In contrast, at four Korea-based multinational companies with a holding company structure — SK, LG, GS and LS – royalties made up between 0.08 percent and 0.24 percent or revenues in 2014, according to a report by Kim Ki-sik, a former lawmaker of the main opposition Democratic Party of Korea, who cited each firm’s financial reports.
“I’m not saying the Korean tax authorities are doing anything wrong. But concerns over tax avoidance through excessive royalty payments at foreign companies are bigger now than in the past, because of the large sales they earn now and the large proportion of royalties,” Kim at the Korea Capital Market Institute told The Korea Herald.
“The National Tax Office should put this area in their upper list of taxation priorities.”
Kim said that the parent companies of multinational firms tend to have a bigger say in financial affairs than their Korean units, and thereby tend to skirt from the so-called “arm’s length principle” in transfer pricing. Under the arm’s length principle, a unit in Korea and its parent firm overseas treat each other as independents and royalties should not rise above the market value, he added.
An official at Philip Morris Korea said, “The company’s decision on the proportion of royalty was based on the OECD guidelines for transfer pricing and applies not only to the Korean market but other overseas markets.”
Adidas Korea was unavailable for comment.
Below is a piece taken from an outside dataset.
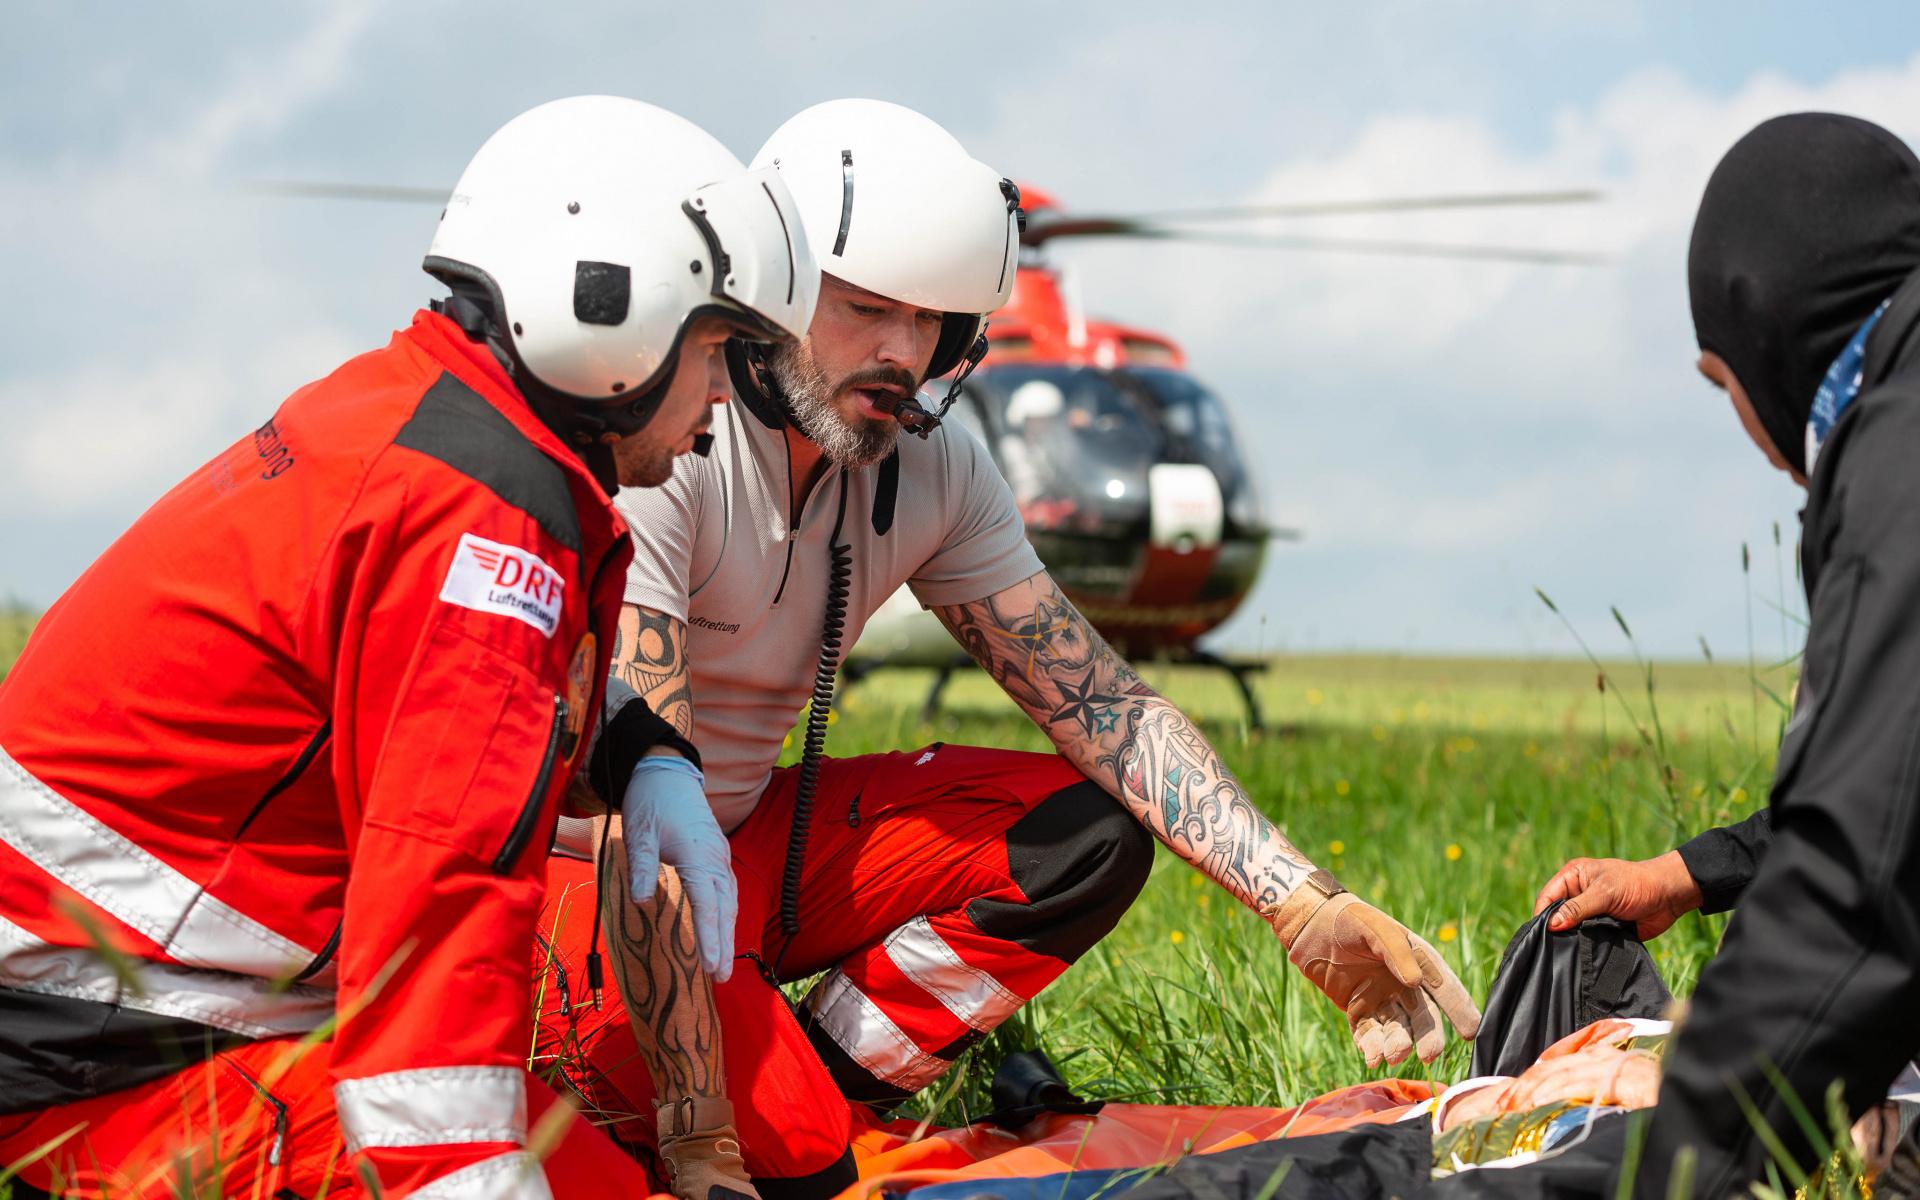 Die Forschungsergebnisse der Hochschule Fresenius sollen dazu beitragen, dass Einsatzkräfte psychische Widerstandsfähigkeit erlernen, sogenannte Resilienz. (Quelle: DRF Luftrettung)

One official at a Korean unit of a multinational company, who declined to be named, said comparing the proportion of royalties with local firms was unfair because each companies had different brand strategies and were involved in different industries.
Meanwhile, multinationals were tightfisted when it came to corporate social responsibility in the Korean market.
According to the FSS data, Adidas Korea and Philip Morris Korea spent less than 0.1 percent of their revenue on CSR in 2015.
Fast fashion brand Uniqlo Korea, whose revenue exceeded 1 trillion won in 2015, spent nothing in donations and social activities.